Поэтому в настойчивых поисках политической свободы как первого и главного есть промах: прежде хорошо бы представить, чту с этой свободой делать. Такую свободу мы получили в 1917 году (и от месяца к месяцу всё бульшую) - и как же поняли мы её? Каждому ехать с винтовкой, куда считаешь правильным. И с телеграфных столбов срезать проволоку для своих хозяйственных надобностей".

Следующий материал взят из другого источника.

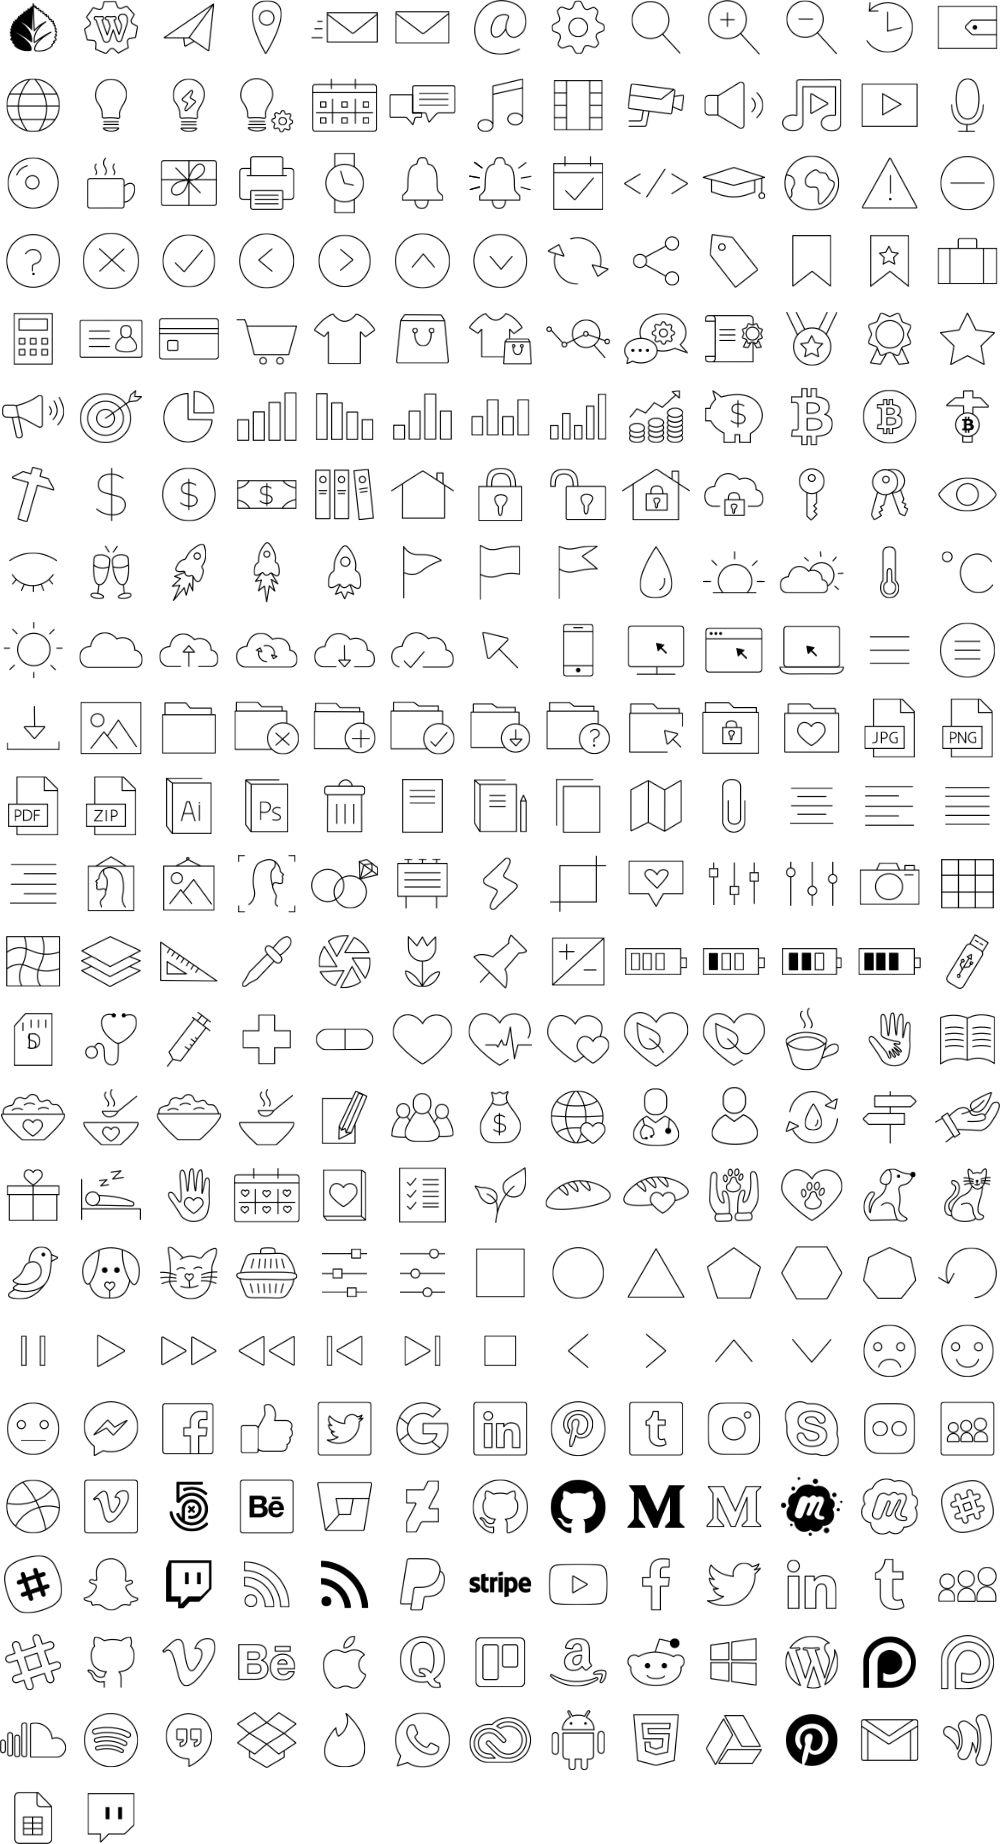 300 icônes gratuits pour Divi
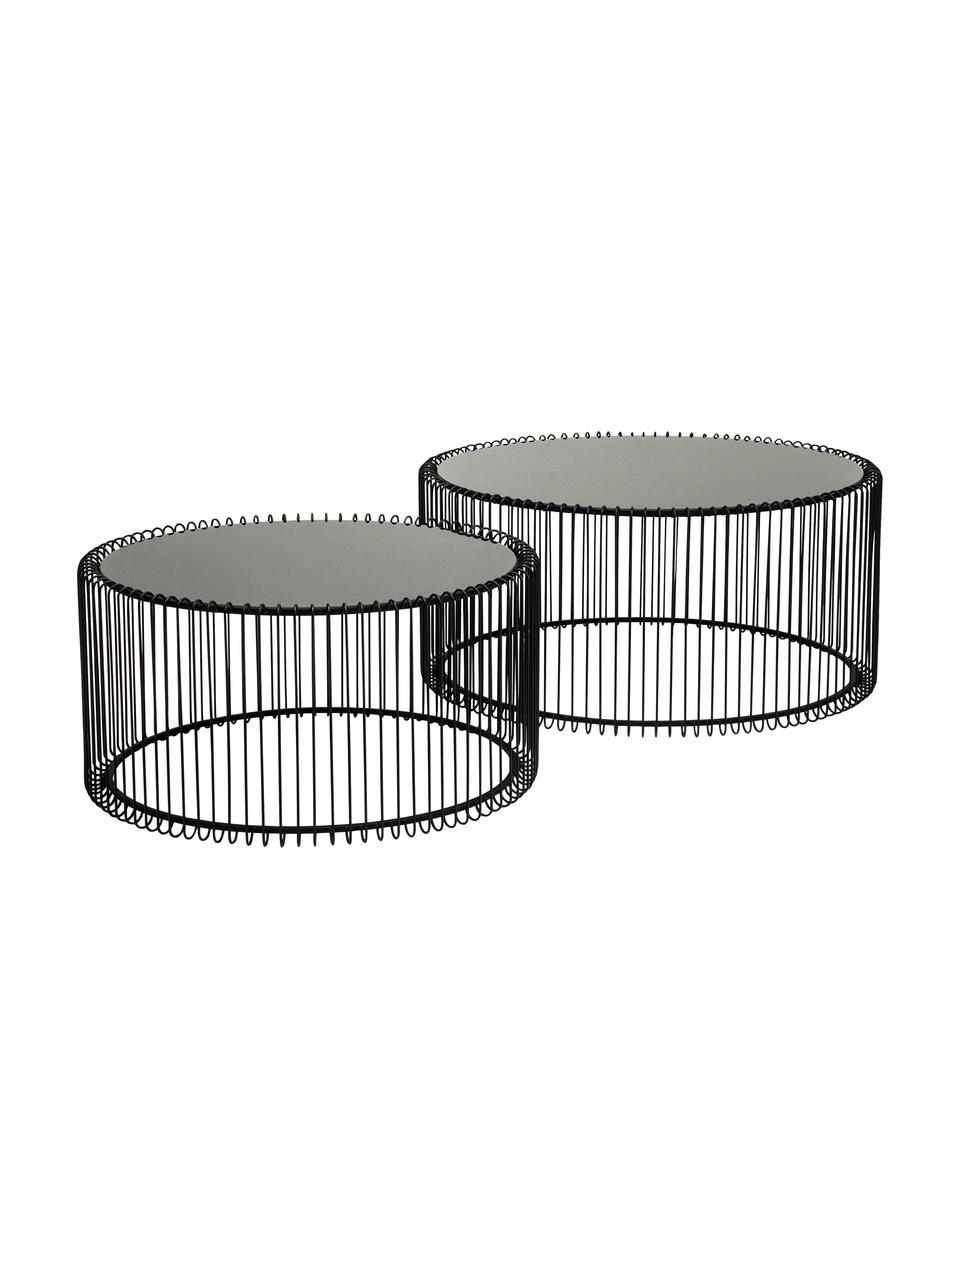 Metalen salontafel 2-delig Wire met glazen tafelblad, Frame: gepoedercoat metaal, Tafelblad: veiligheidsglas, in folie, Zwart, Set met verschillende formaten

Мне уже случалось писать, что этот тезис статьи вызывает серьезные опасения. В нем не поставлена граница, не определена та степень несвободы внешней, при которой обыкновенный (не святой) человек решительно теряет "возможность развиваться к целям нравственным". Это происходит, например, тогда, когда он перестает быть человеком и становится обезумевшим от боли и ужаса существом. Когда перейдены границы психически и физически выносимого, существо превращается в организм и хорошо, если быстро - в труп. Такие обстоятельства возникали в страшном XX веке, в частности в СССР, массово. Что происходит в это время с душой, я не знаю. Мне повезло: меня не пытали в СССР (хотя я и сидела, то есть побывала в тюрьме и в лагере); меня не удушили газом и не сожгли в гитлеровском рейхе (хотя в Польше убили бульшую часть семьи моей матери); на меня не надели горящую шину друзья супруги лауреата Нобелевской премии мира Нельсона Манделы; я не испытала "укрутки" в психушке, пыток "культурной революции" в Китае и т. п. Как бы я в перечисленных обстоятельствах смогла "развиваться к целям нравственным", я не знаю. Это главное мое возражение Солженицыну в вопросе о самоценности свободы и права такого, которое исключает вышеперечисленные ситуации.